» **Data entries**
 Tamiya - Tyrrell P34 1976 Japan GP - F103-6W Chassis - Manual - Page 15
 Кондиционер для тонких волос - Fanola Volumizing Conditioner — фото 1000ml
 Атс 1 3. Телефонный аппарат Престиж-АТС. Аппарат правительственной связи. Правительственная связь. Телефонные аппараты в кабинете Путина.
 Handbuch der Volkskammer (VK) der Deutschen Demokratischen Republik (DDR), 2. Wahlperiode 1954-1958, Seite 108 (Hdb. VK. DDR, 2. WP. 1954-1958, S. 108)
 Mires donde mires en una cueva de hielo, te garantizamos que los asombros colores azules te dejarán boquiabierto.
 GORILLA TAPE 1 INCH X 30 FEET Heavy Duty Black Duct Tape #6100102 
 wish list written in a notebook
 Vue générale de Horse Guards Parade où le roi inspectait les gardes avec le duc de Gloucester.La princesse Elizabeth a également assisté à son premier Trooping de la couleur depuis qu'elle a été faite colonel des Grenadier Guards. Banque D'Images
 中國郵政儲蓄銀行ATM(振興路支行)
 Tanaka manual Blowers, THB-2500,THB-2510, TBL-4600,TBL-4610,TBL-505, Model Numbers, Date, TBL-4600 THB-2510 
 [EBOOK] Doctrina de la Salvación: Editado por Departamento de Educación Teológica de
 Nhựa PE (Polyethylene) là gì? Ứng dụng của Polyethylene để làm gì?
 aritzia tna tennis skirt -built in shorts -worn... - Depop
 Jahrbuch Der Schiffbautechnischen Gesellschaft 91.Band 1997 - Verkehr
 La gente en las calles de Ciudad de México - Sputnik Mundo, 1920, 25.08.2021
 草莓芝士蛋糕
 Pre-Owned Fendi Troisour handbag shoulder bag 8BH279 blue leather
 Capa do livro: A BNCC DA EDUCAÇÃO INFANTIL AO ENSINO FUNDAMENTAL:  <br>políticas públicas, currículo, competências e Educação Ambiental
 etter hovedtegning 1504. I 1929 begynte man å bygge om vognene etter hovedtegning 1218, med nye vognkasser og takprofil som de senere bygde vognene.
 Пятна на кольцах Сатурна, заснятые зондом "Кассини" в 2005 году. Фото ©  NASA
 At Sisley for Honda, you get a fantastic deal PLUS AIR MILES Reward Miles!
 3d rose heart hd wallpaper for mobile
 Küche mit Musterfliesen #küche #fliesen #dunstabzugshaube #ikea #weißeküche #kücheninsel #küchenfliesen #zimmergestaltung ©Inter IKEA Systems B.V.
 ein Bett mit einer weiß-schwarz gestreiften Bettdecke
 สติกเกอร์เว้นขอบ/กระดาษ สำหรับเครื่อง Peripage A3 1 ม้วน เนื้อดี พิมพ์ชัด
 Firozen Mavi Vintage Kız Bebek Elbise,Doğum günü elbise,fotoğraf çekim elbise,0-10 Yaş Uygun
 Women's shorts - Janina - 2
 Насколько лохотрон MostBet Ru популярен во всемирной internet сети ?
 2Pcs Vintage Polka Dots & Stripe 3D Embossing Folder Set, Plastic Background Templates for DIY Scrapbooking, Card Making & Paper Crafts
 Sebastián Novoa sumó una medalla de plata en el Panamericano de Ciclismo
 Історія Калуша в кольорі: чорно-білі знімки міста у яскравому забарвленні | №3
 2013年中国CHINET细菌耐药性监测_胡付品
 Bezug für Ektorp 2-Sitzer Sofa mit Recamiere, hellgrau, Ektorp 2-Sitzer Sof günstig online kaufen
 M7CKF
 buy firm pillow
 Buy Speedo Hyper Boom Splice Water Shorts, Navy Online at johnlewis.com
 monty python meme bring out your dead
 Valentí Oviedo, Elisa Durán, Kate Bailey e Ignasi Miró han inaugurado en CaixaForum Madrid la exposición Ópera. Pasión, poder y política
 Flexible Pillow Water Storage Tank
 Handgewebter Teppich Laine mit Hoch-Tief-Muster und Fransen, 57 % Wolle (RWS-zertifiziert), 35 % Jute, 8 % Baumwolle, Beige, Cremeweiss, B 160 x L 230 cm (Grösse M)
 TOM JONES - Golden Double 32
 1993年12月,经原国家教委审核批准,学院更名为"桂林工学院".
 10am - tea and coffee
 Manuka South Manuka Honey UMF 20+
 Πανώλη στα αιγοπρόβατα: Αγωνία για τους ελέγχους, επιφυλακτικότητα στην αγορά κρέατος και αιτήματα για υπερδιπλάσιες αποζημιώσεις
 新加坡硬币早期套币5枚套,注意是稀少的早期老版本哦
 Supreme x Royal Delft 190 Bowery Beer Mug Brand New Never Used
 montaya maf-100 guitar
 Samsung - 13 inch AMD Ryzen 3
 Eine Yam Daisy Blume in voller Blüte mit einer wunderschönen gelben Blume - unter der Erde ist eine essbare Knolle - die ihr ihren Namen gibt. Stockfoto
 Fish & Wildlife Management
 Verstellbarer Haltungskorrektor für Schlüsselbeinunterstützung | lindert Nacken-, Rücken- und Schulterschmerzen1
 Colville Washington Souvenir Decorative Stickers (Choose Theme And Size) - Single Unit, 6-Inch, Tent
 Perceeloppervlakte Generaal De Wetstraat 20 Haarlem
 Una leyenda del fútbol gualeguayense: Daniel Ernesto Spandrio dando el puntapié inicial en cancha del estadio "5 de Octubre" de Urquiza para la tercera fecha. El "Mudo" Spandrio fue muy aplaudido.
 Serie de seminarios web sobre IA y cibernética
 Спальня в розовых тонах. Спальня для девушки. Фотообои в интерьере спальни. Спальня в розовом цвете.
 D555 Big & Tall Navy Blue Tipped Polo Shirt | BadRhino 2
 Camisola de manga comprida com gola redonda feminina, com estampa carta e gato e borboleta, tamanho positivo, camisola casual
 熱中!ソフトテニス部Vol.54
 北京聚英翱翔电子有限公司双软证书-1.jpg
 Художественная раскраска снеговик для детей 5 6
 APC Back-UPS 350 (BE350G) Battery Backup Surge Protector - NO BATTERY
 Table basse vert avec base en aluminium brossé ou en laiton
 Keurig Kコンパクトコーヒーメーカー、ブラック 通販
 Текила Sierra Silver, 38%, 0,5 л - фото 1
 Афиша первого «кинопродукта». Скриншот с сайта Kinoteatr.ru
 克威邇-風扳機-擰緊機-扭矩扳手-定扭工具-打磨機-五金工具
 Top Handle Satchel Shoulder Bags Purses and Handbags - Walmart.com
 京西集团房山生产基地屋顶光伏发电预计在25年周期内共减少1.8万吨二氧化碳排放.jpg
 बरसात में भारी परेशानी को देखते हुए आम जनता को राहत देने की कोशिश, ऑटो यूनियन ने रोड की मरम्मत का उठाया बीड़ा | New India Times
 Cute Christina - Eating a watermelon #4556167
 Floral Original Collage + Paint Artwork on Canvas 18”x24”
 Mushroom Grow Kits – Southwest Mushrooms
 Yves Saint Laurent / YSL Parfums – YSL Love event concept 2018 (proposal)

» **Your instructions**
Copy the records above exactly, please, but only from the first line through the line containing "Capa do livro: A".

» **Solution for this exercise**
 Tamiya - Tyrrell P34 1976 Japan GP - F103-6W Chassis - Manual - Page 15
 Кондиционер для тонких волос - Fanola Volumizing Conditioner — фото 1000ml
 Атс 1 3. Телефонный аппарат Престиж-АТС. Аппарат правительственной связи. Правительственная связь. Телефонные аппараты в кабинете Путина.
 Handbuch der Volkskammer (VK) der Deutschen Demokratischen Republik (DDR), 2. Wahlperiode 1954-1958, Seite 108 (Hdb. VK. DDR, 2. WP. 1954-1958, S. 108)
 Mires donde mires en una cueva de hielo, te garantizamos que los asombros colores azules te dejarán boquiabierto.
 GORILLA TAPE 1 INCH X 30 FEET Heavy Duty Black Duct Tape #6100102 
 wish list written in a notebook
 Vue générale de Horse Guards Parade où le roi inspectait les gardes avec le duc de Gloucester.La princesse Elizabeth a également assisté à son premier Trooping de la couleur depuis qu'elle a été faite colonel des Grenadier Guards. Banque D'Images
 中國郵政儲蓄銀行ATM(振興路支行)
 Tanaka manual Blowers, THB-2500,THB-2510, TBL-4600,TBL-4610,TBL-505, Model Numbers, Date, TBL-4600 THB-2510 
 [EBOOK] Doctrina de la Salvación: Editado por Departamento de Educación Teológica de
 Nhựa PE (Polyethylene) là gì? Ứng dụng của Polyethylene để làm gì?
 aritzia tna tennis skirt -built in shorts -worn... - Depop
 Jahrbuch Der Schiffbautechnischen Gesellschaft 91.Band 1997 - Verkehr
 La gente en las calles de Ciudad de México - Sputnik Mundo, 1920, 25.08.2021
 草莓芝士蛋糕
 Pre-Owned Fendi Troisour handbag shoulder bag 8BH279 blue leather
 Capa do livro: A BNCC DA EDUCAÇÃO INFANTIL AO ENSINO FUNDAMENTAL:  <br>políticas públicas, currículo, competências e Educação Ambiental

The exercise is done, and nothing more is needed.